Yeah it's definitely a Very Lemon/Chemical smell , Thanks for your reply . I like Ghost Train but their always out , plenty of Holly Grail Shake though , i pass that by . These new Hybrids are Hit & Miss , so I'm finding out & not cheap. Be cool & Peace Out , brother .


----------



## sparkygeek (Mar 20, 2017)

Peace Dude! The hazes tend to sell out here quickly too! Never had Holy Grail but OG Kush incapacitates me so I stay away during the day... My all-time favorite is Kosher Kush though... Not quite the haze effect because of the body relaxation but a very functional buzz... almost as energetic as SLH. I feel the same way about the new hybrids... What makes it most difficult is once you find something good, you can't find it again!

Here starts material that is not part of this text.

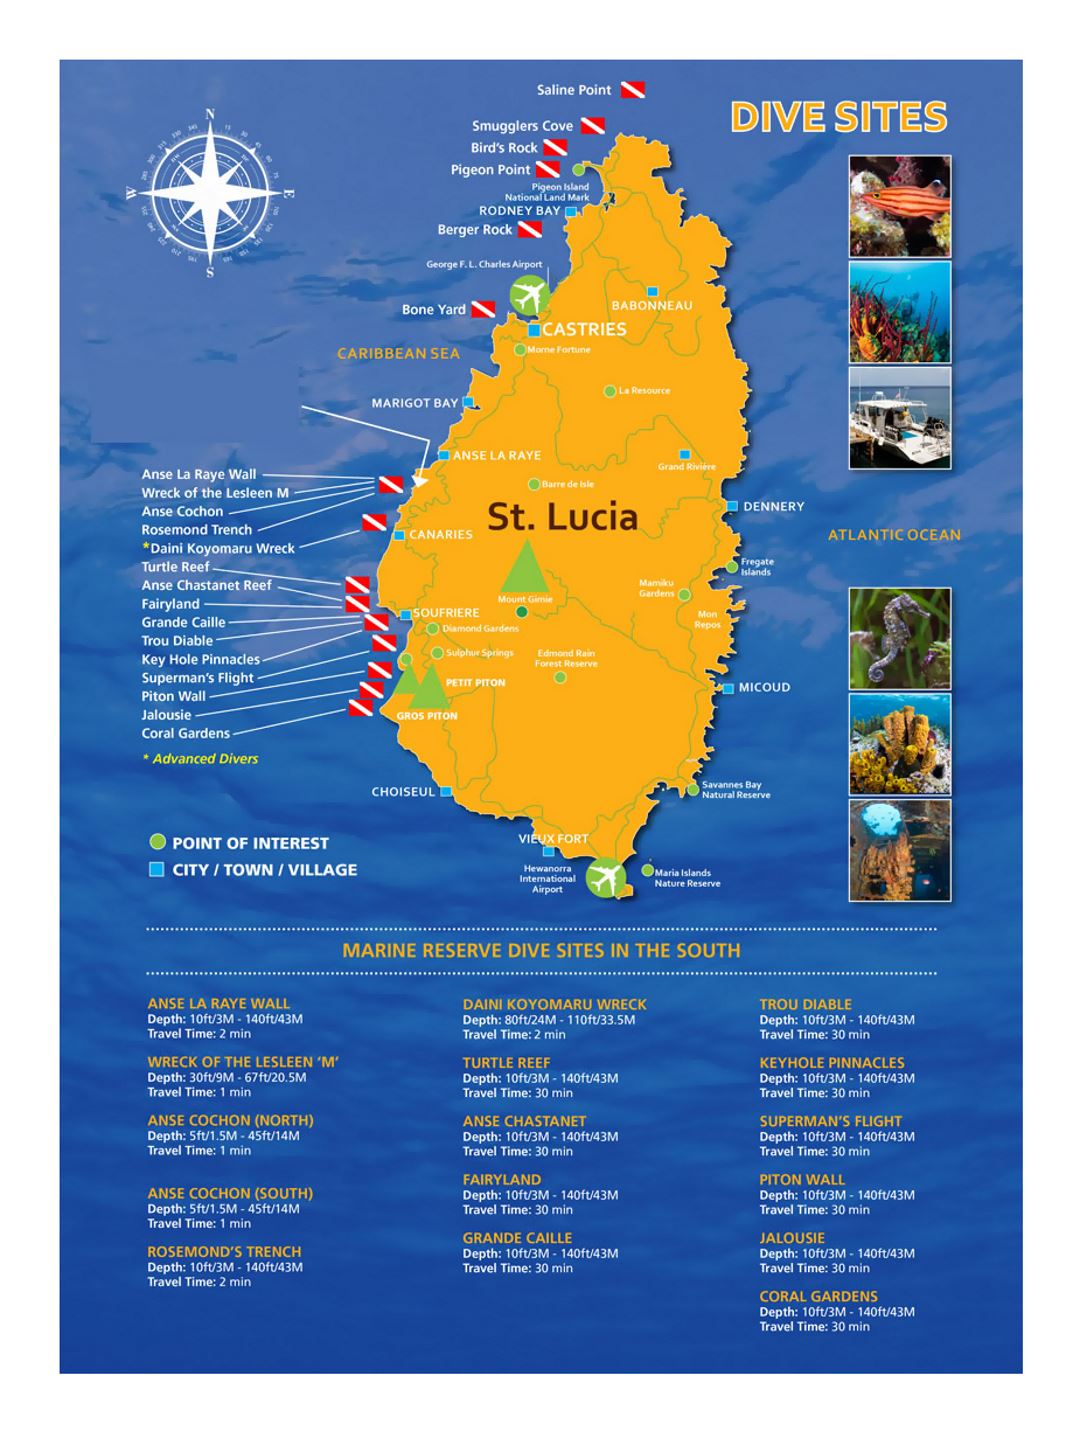 Large dive sites map of Saint Lucia

Studying the genetics has helped me a little but nothing beats a familiar buzz. I have pretty good luck if a know the mommy and daddy of a strain but sometimes it can still be disappointing. All the best!


----------



## TheDude247420 (Apr 1, 2017)

sparkygeek said:


> Peace Dude! The hazes tend to sell out here quickly too! Never had Holy Grail but OG Kush incapacitates me so I stay away during the day... My all-time favorite is Kosher Kush though... Not quite the haze effect because of the body relaxation but a very functional buzz... almost as energetic as SLH. I feel the same way about the new hybrids... What makes it most difficult is once you find something good, you can't find it again! Studying the genetics has helped me a little but nothing beats a familiar buzz. I have pretty good luck if a know the mommy and daddy of a strain but sometimes it can still be disappointing. All the best!

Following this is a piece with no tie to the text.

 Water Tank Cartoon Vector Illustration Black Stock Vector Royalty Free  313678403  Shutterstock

Yeah just when you've found that perfect Strain that hits you just right , a new Strain comes out & yours becomes a search & hopefully find Product . It gets aggravating .


----------



## TheDude247420 (Apr 1, 2017)

sparkygeek said:


> Peace Dude! The hazes tend to sell out here quickly too! Never had Holy Grail but OG Kush incapacitates me so I stay away during the day... My all-time favorite is Kosher Kush though... Not quite the haze effect because of the body relaxation but a very functional buzz... almost as energetic as SLH. I feel the same way about the new hybrids... What makes it most difficult is once you find something good, you can't find it again! Studying the genetics has helped me a little but nothing beats a familiar buzz. I have pretty good luck if a know the mommy and daddy of a strain but sometimes it can still be disappointing. All the best!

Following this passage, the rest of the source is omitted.